The app will be open-source and free. I just need a little help from some programmers with a little more Cocoa/mac programming experience than I have. Check the other thread for more info. If anyone is interested in helping out, drop me an email.

jrobinso@nycap.rr.com

j5


----------



## J5 (Sep 1, 2002)

I've just submitted the project on SourceForge.net for approval, under the name "opendotmac". I'll post again when the project is accepted, or if for any reason rejected. 

j5


----------



## strobe (Sep 2, 2002)

I humbly suggest an HFS+ compatible version of rsync


----------



## DavidBaker (Sep 3, 2002)

Hi,
I just finished up an application called PsyncX which sounds remarkably like the application you are talking about.  You can download it from my website http://sourceforge.net/projects/psyncx

Do you think we should just use this app?

David


----------



## J5 (Sep 3, 2002)

Hey David -
Looks like it's a great start! I'm downloading it now... I'll post again once I've checked it out. Some of the features I'm looking for are:

1. backup only files that are new or changed since the last backup

2. backup locations of files, so a restore is easy.

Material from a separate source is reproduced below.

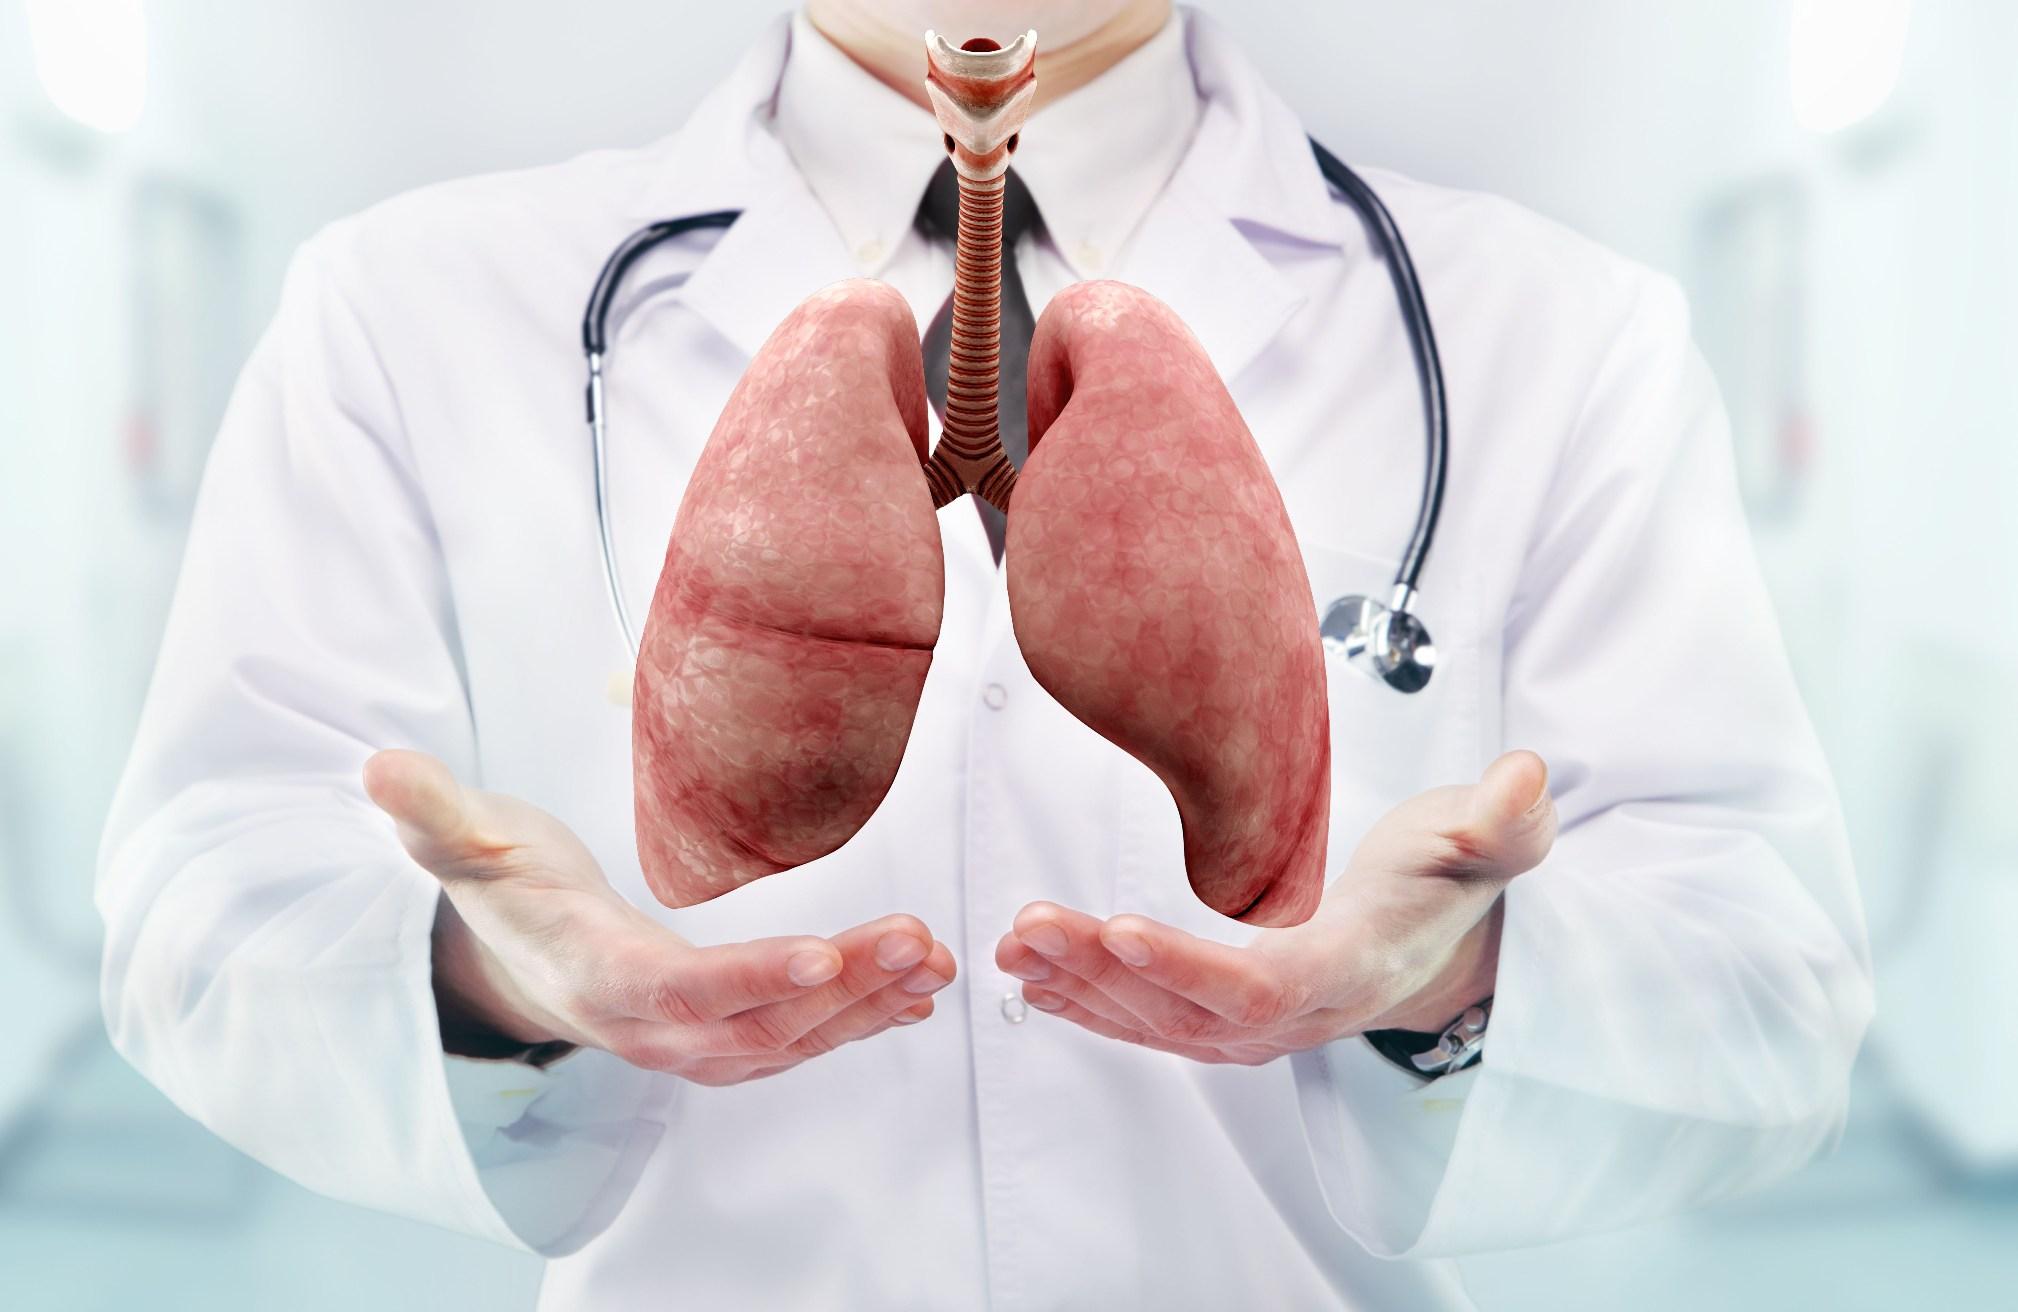 Цикорий для лечения заболеваний легких

3. Be able to "roll-back" to a previous system... ie I install the latest version of Office, and it causes problems. I can simply roll back my system to before I installed.

That's a partial list - I can send you the full list so far if you want. Email me if you want to see it.

J5


----------



## strobe (Sep 6, 2002)

I'm not going to use that program until it copies ALL the HFS+ data. That means not only both forks but all attributes. It'll probably be easier to do this via Carbon.


----------



## DavidBaker (Sep 7, 2002)

It does!  Have you tried it?  It works fine on my computer and saves the resource fork of Adobe Photoshop files easily.

Give it a try before you run it down! 

David


----------



## Captain Code (Sep 7, 2002)

How hard would it be to add the ability to burn to a CD?

I assume that Apple probably provides APIs to the CD burning capabilities built into OS X?


----------



## DavidBaker (Sep 7, 2002)

I don't know.  I haven't looked yet, but that does look like a capability that would be really nice to add.  Unfortunately, I'm not going to be spending tons of time working on this app in the immediate future (although I will work on it when I can) because I'm pretty busy with school.  However, I'll keep updating when I get the chance and then submit the new update to VersionTracker.

If people would like me to email them directly, let me know (using PM) and I will add you to my list.

David


----------